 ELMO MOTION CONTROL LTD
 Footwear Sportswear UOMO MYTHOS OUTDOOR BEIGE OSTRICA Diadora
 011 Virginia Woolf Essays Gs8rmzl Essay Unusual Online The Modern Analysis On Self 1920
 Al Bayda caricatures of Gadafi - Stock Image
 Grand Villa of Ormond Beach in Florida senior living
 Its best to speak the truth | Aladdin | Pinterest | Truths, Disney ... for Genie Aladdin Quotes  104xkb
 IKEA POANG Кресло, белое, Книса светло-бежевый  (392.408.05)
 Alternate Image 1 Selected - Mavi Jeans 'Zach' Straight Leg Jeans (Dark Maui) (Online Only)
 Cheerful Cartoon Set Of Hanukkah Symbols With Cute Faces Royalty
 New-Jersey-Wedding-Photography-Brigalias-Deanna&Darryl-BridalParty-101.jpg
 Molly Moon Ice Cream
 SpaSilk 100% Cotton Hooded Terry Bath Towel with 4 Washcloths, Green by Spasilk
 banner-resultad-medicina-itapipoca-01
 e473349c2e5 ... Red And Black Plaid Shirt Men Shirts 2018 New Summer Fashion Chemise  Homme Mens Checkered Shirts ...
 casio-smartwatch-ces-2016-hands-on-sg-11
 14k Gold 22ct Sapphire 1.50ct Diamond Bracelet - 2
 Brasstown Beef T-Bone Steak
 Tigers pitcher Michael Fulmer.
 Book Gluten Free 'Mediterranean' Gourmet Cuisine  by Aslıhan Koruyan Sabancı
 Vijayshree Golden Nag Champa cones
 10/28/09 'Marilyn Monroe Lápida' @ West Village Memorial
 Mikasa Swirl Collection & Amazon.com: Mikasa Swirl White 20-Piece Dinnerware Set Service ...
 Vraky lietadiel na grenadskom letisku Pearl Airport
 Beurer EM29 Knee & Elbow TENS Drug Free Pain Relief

Directions - Return the material above unaltered. Include every line.

Solution -
 ELMO MOTION CONTROL LTD
 Footwear Sportswear UOMO MYTHOS OUTDOOR BEIGE OSTRICA Diadora
 011 Virginia Woolf Essays Gs8rmzl Essay Unusual Online The Modern Analysis On Self 1920
 Al Bayda caricatures of Gadafi - Stock Image
 Grand Villa of Ormond Beach in Florida senior living
 Its best to speak the truth | Aladdin | Pinterest | Truths, Disney ... for Genie Aladdin Quotes  104xkb
 IKEA POANG Кресло, белое, Книса светло-бежевый  (392.408.05)
 Alternate Image 1 Selected - Mavi Jeans 'Zach' Straight Leg Jeans (Dark Maui) (Online Only)
 Cheerful Cartoon Set Of Hanukkah Symbols With Cute Faces Royalty
 New-Jersey-Wedding-Photography-Brigalias-Deanna&Darryl-BridalParty-101.jpg
 Molly Moon Ice Cream
 SpaSilk 100% Cotton Hooded Terry Bath Towel with 4 Washcloths, Green by Spasilk
 banner-resultad-medicina-itapipoca-01
 e473349c2e5 ... Red And Black Plaid Shirt Men Shirts 2018 New Summer Fashion Chemise  Homme Mens Checkered Shirts ...
 casio-smartwatch-ces-2016-hands-on-sg-11
 14k Gold 22ct Sapphire 1.50ct Diamond Bracelet - 2
 Brasstown Beef T-Bone Steak
 Tigers pitcher Michael Fulmer.
 Book Gluten Free 'Mediterranean' Gourmet Cuisine  by Aslıhan Koruyan Sabancı
 Vijayshree Golden Nag Champa cones
 10/28/09 'Marilyn Monroe Lápida' @ West Village Memorial
 Mikasa Swirl Collection & Amazon.com: Mikasa Swirl White 20-Piece Dinnerware Set Service ...
 Vraky lietadiel na grenadskom letisku Pearl Airport
 Beurer EM29 Knee & Elbow TENS Drug Free Pain Relief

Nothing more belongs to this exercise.